CAP Senior Fellow Daniel J. Weiss testifies before the Subcommittee on Energy and Power of the Committee on Energy and Commerce. Read the full testimony (CAP Action)
Thank you for the opportunity to testify on “American Energy Security and Innovation: Grid Reliability Challenges in a Shifting Energy-Resource Landscape.”
Discussing electricity security and innovation while ignoring climate change is like discussing personal health while ignoring cigarette smoking, diet, and exercise. Any examination of this shifting landscape must acknowledge that our electricity-generation systems produce much of the carbon pollution responsible for climate change and that the effects of climate change impair electricity reliability. Since coal-fired power plants emit one-third of the climate pollution in the United States, it is irresponsible to assess changes in our electricity system while ignoring climate pollution and its impacts.

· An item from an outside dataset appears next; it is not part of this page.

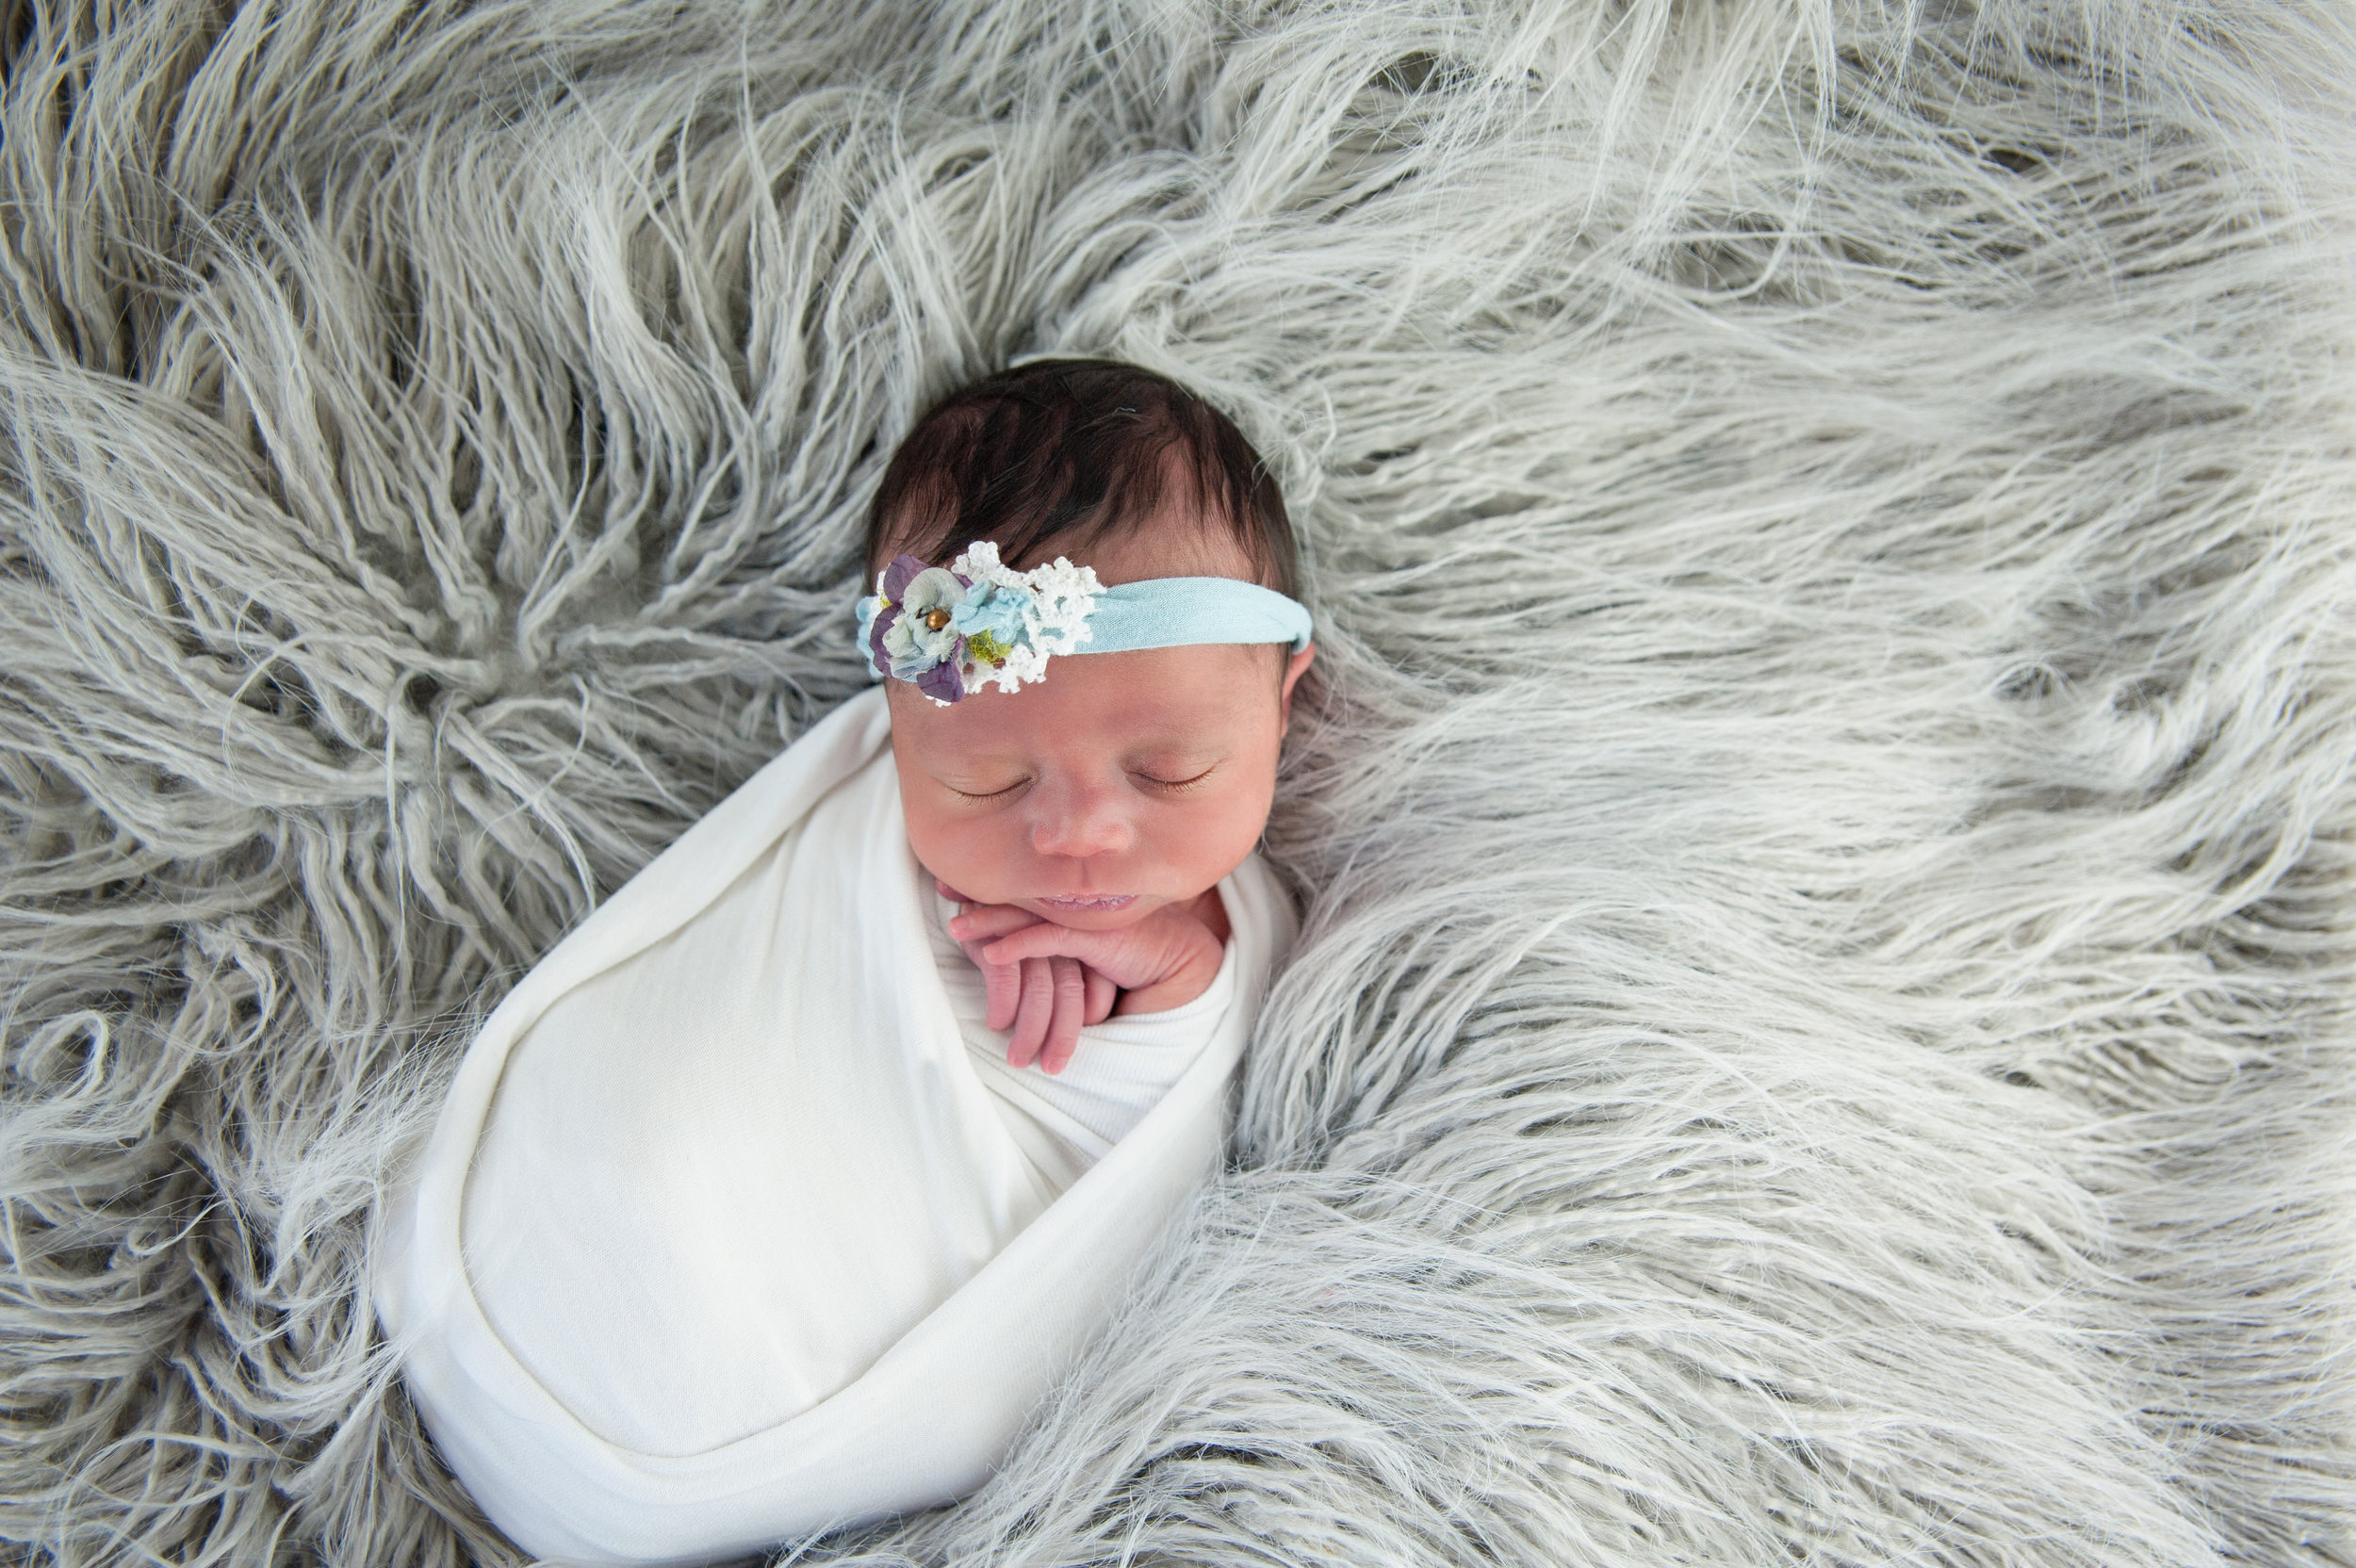 Newborns are best between 3-10 days of age.

Americans understand that extreme weather is related to man-made climate change that costs our economy billions of dollars annually. A recent poll from Yale University and George Mason University found that many Americans believe that global warming caused recent extreme weather and climatic events to be “more severe.”
Extreme weather events—including storms, floods, droughts, heat waves, and wildfires—threaten electricity reliability. The Congressional Research Service concluded that, “[P]ower delivery systems are most vulnerable to storms and extreme weather events.”